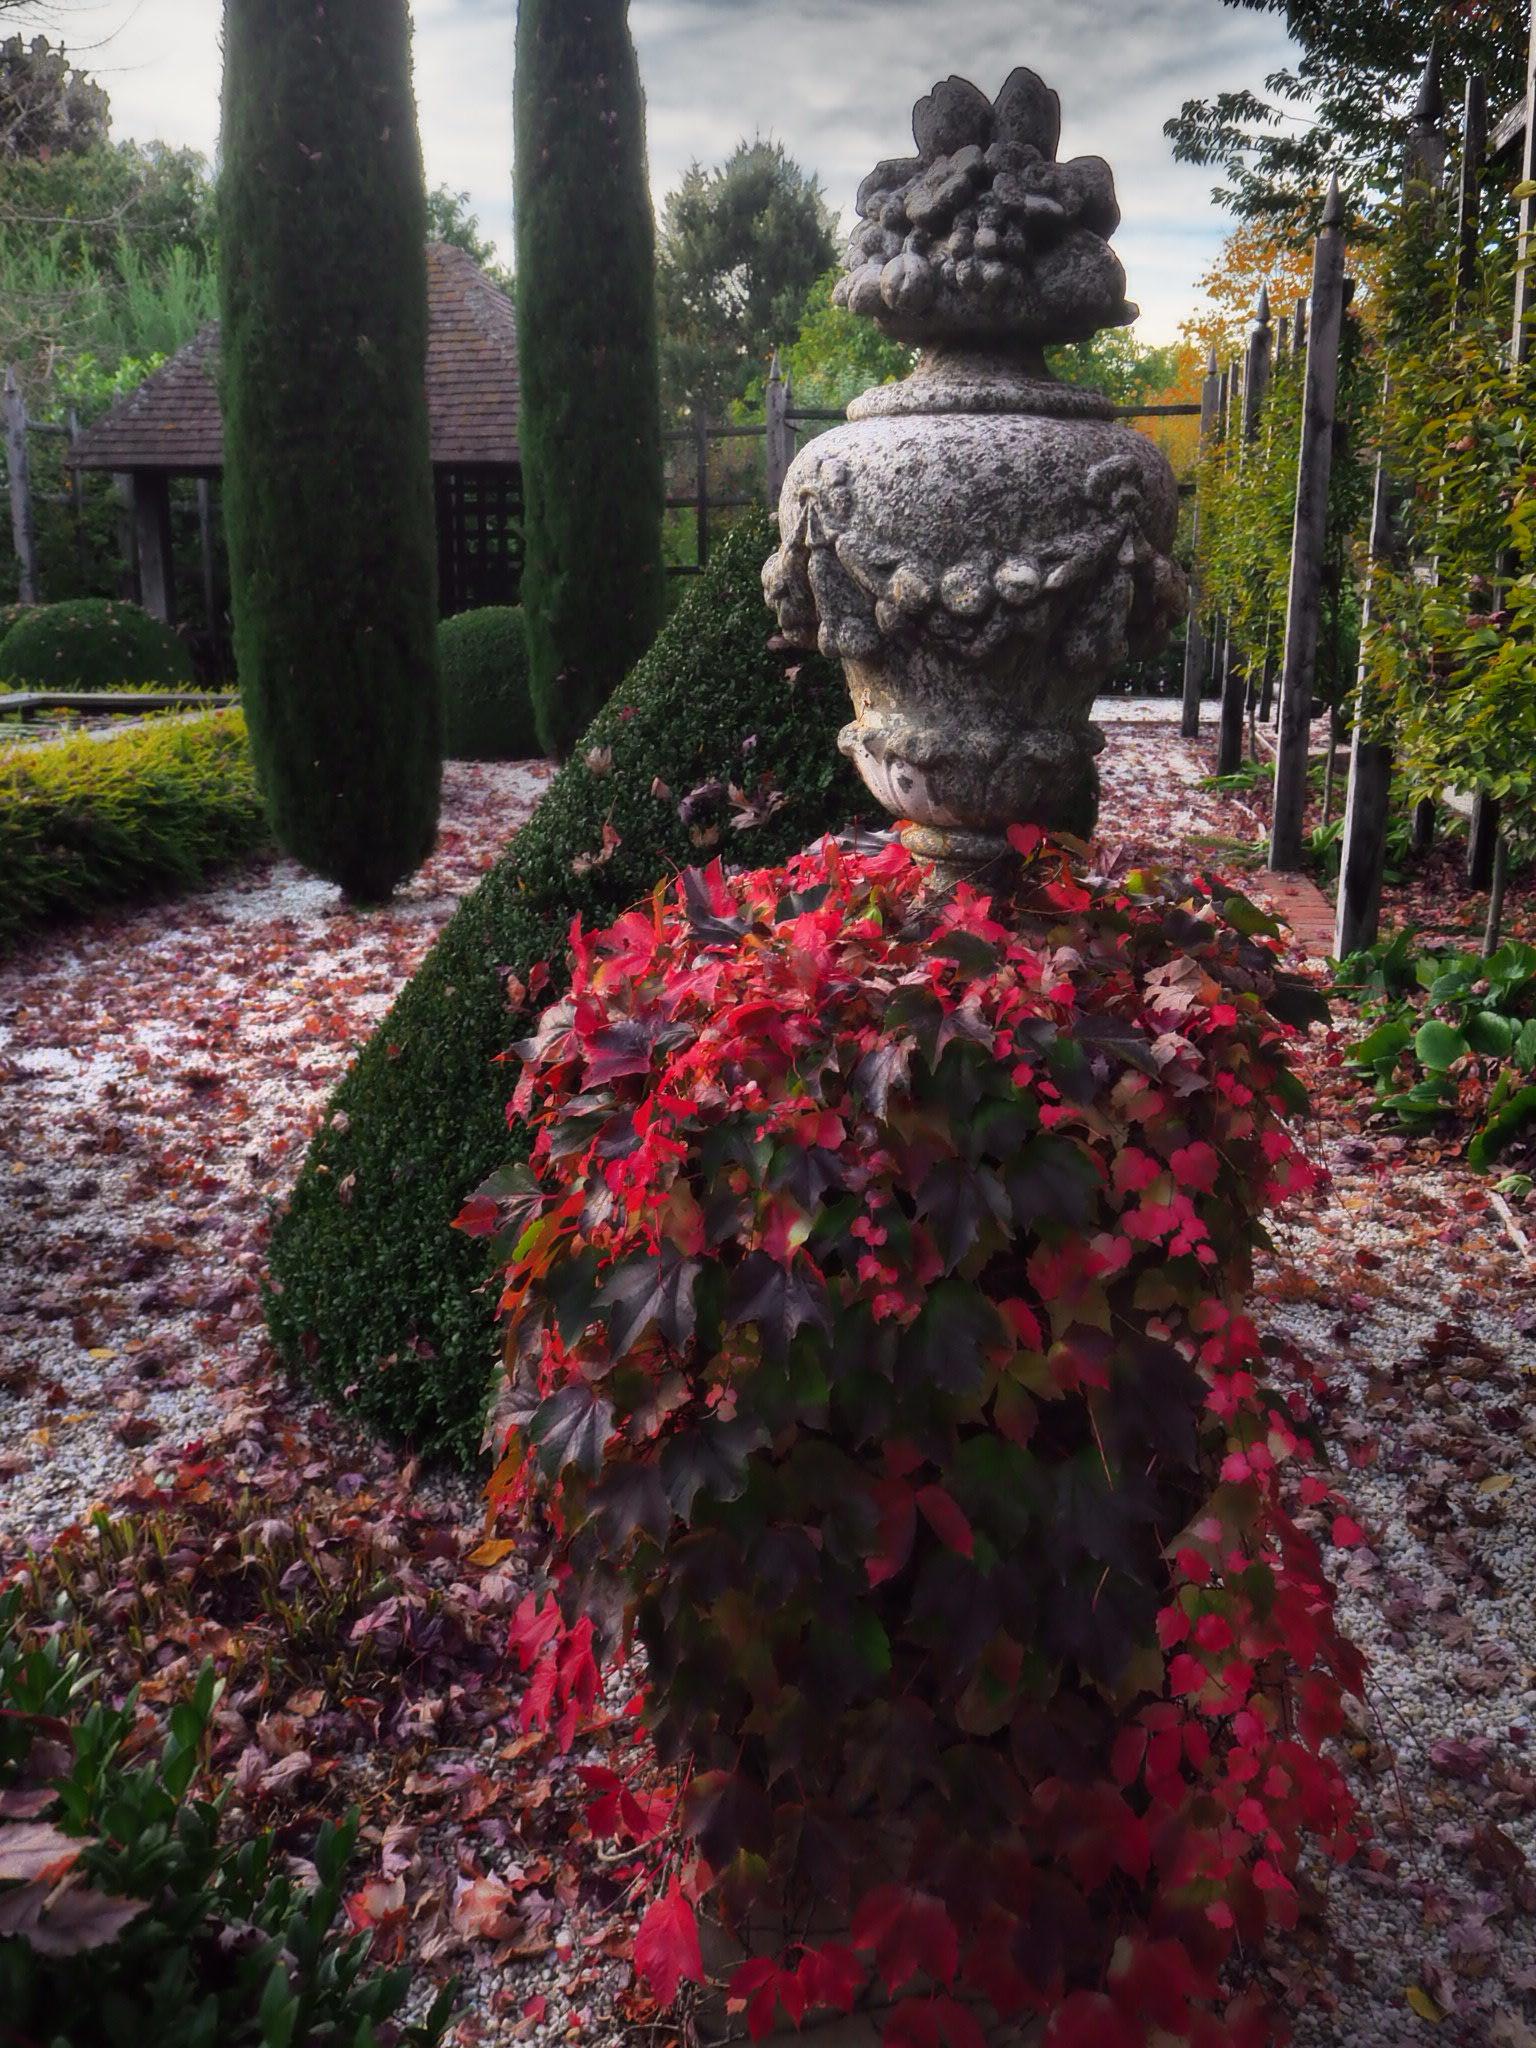 muskfarm_autumn_vines_englis_IMG_3484.JPG
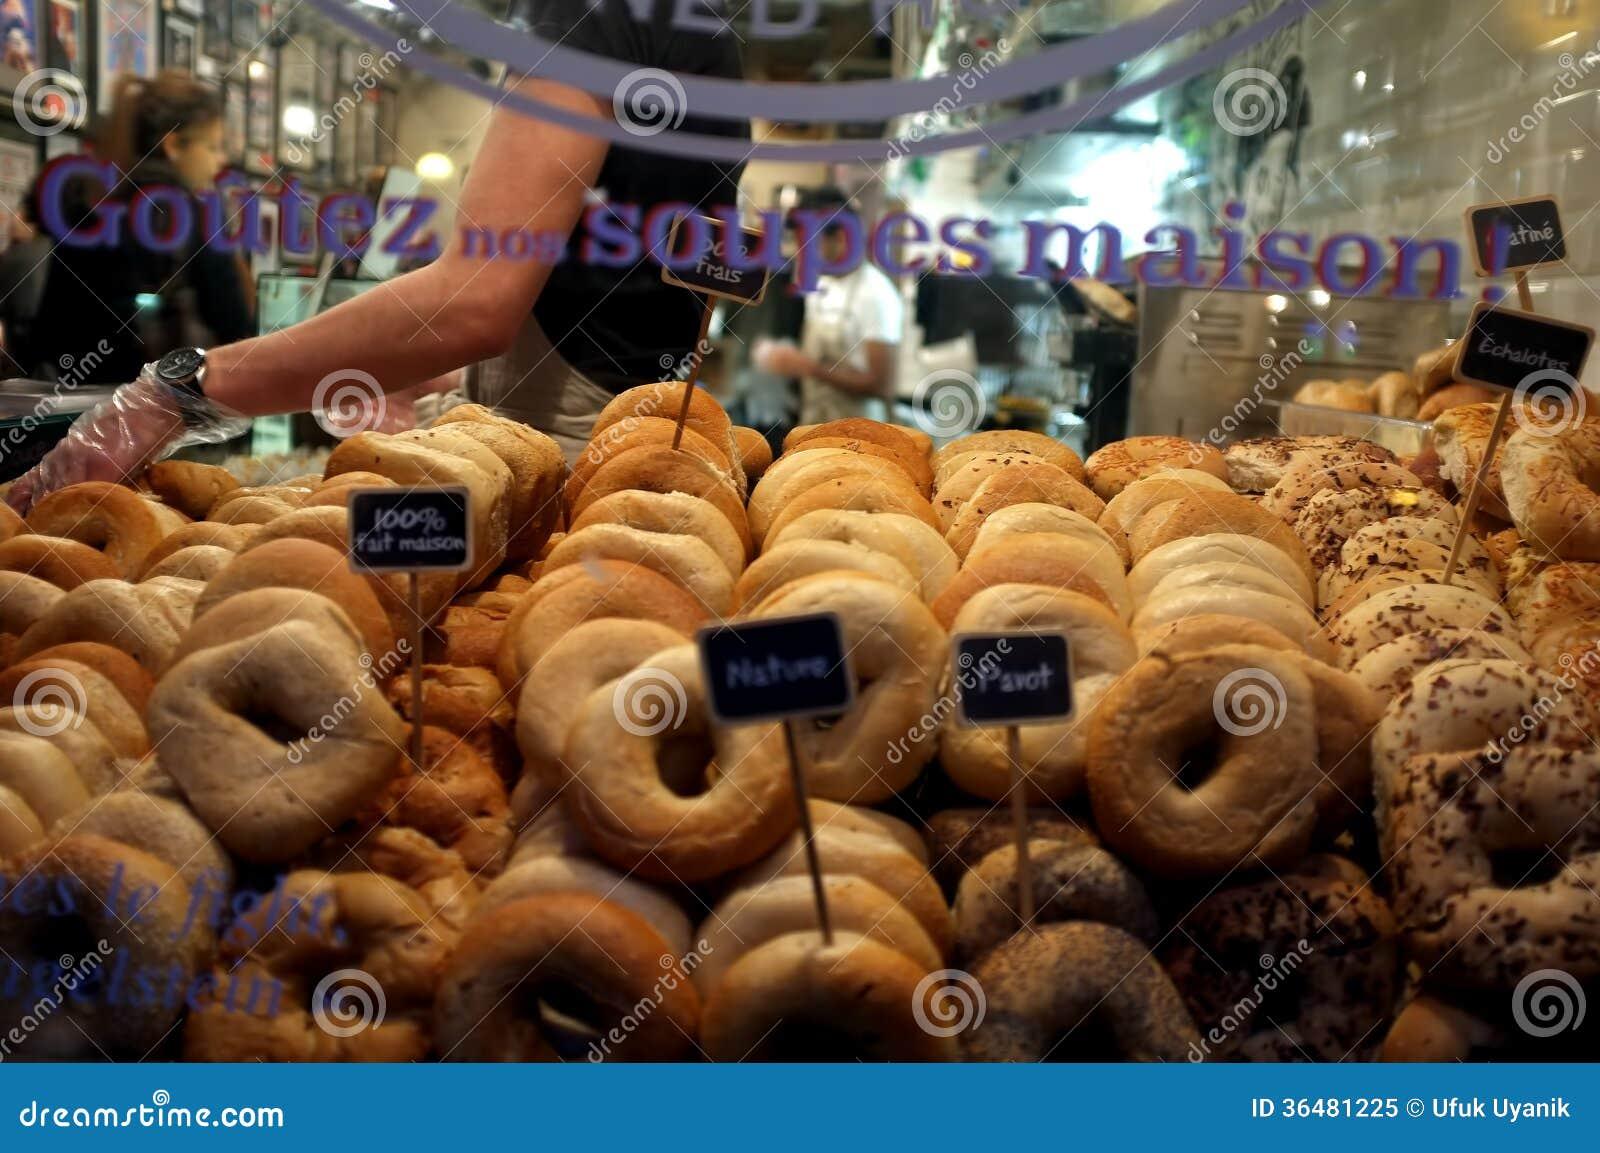 bagel shop business plan
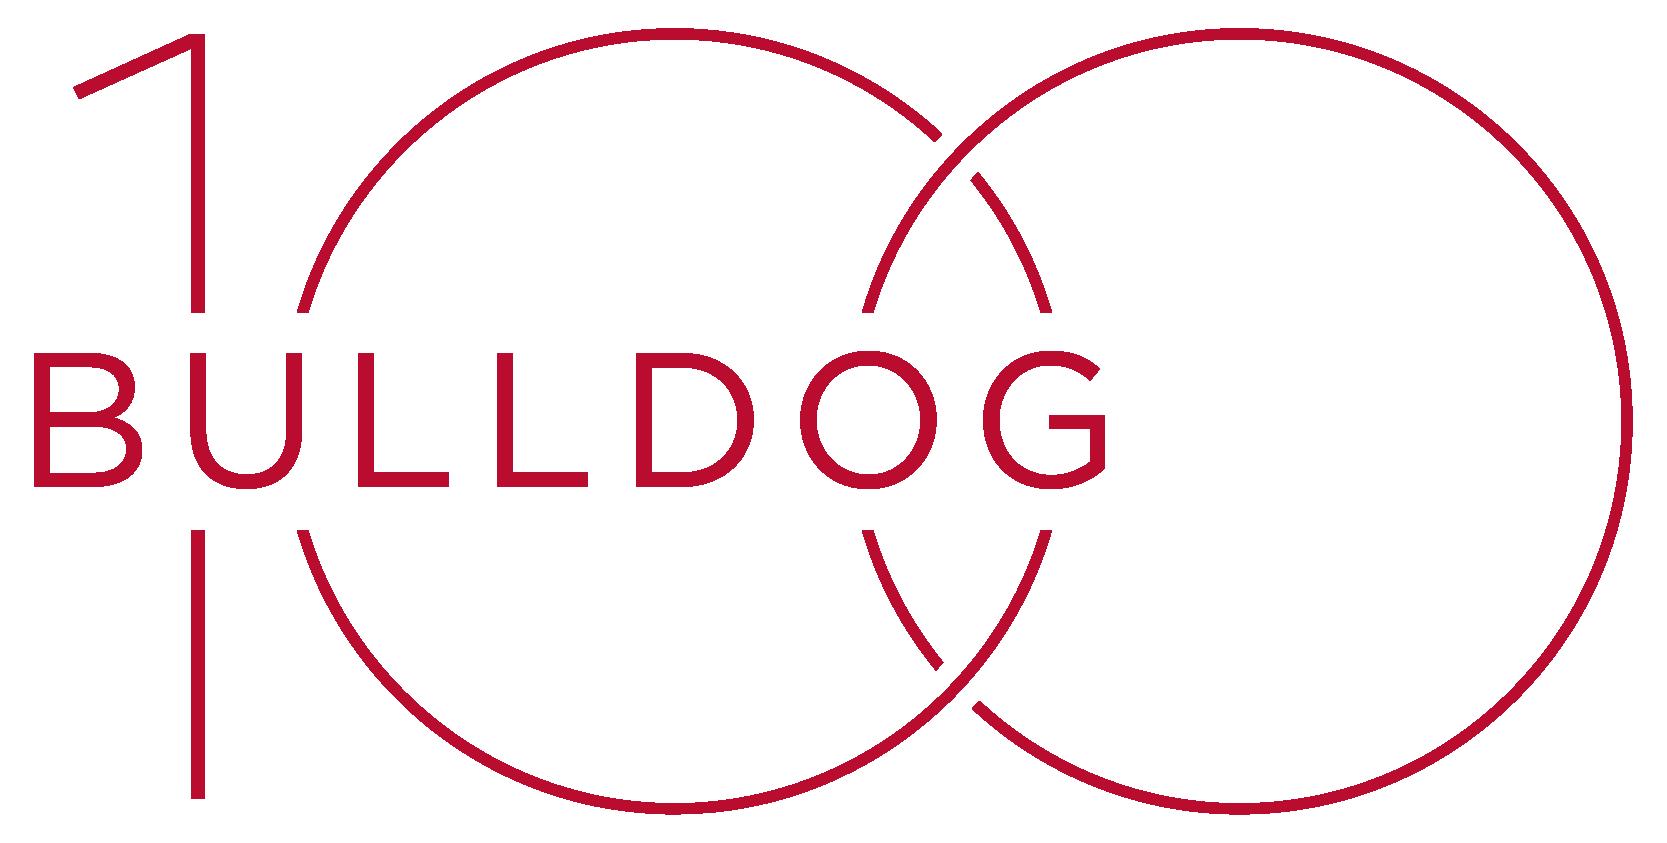 Bulldog 100 red
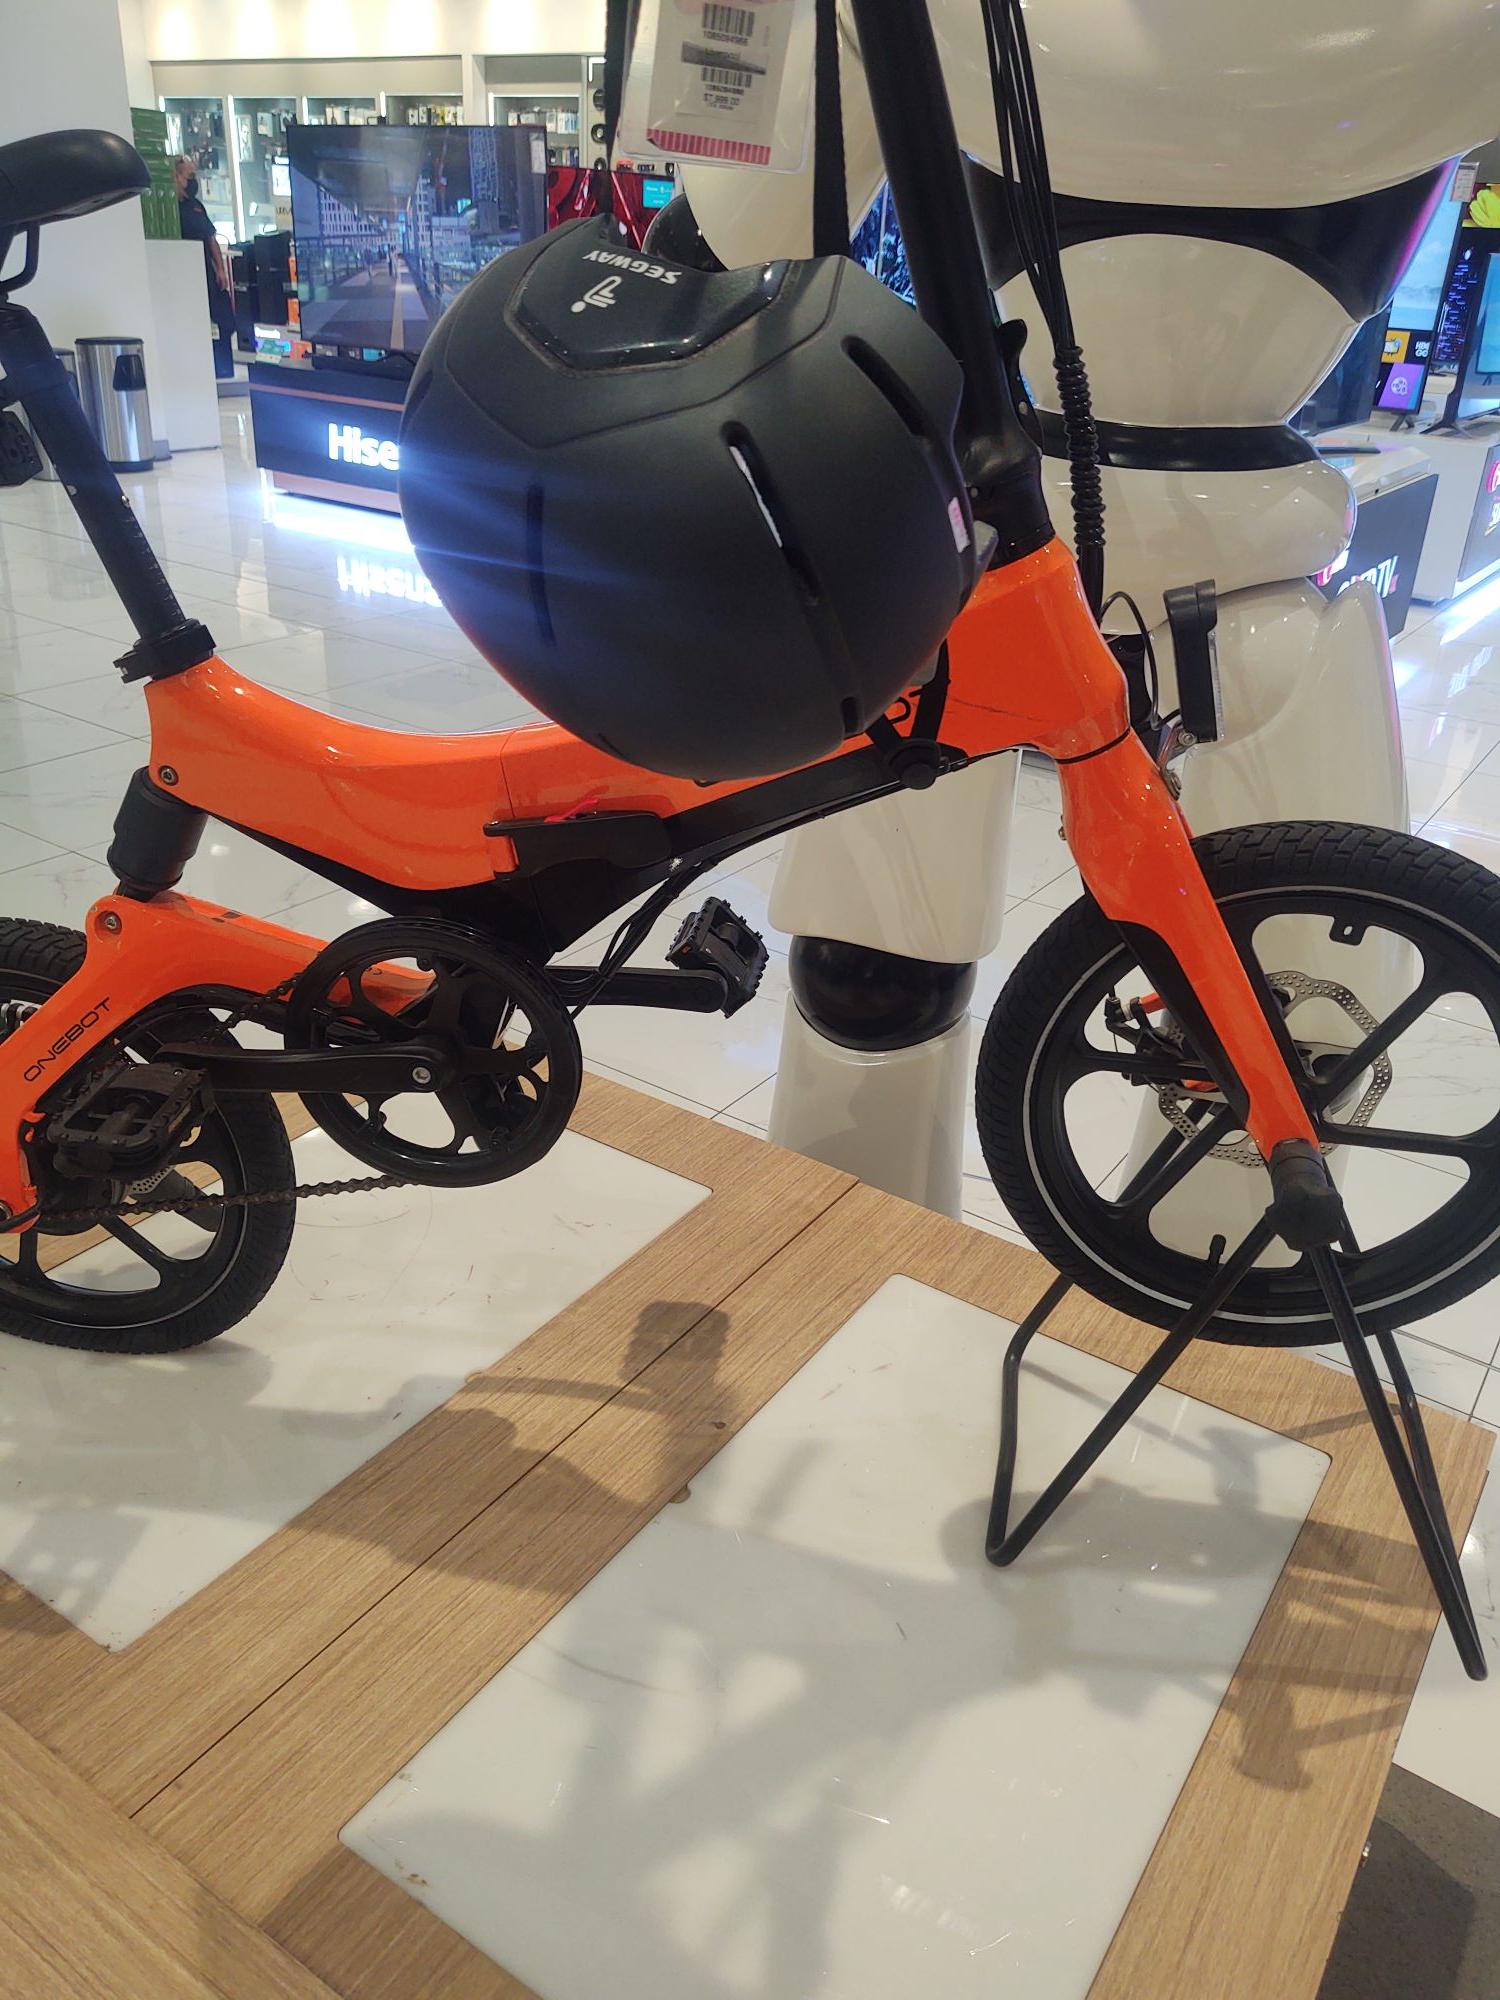 Liverpool Parque Puebla: Bicicleta eléctrica onebot S6
****
Would you please repeat all the data word for word, but without the pictures?

 muskfarm_autumn_vines_englis_IMG_3484.JPG
 bagel shop business plan
 Bulldog 100 red
 Liverpool Parque Puebla: Bicicleta eléctrica onebot S6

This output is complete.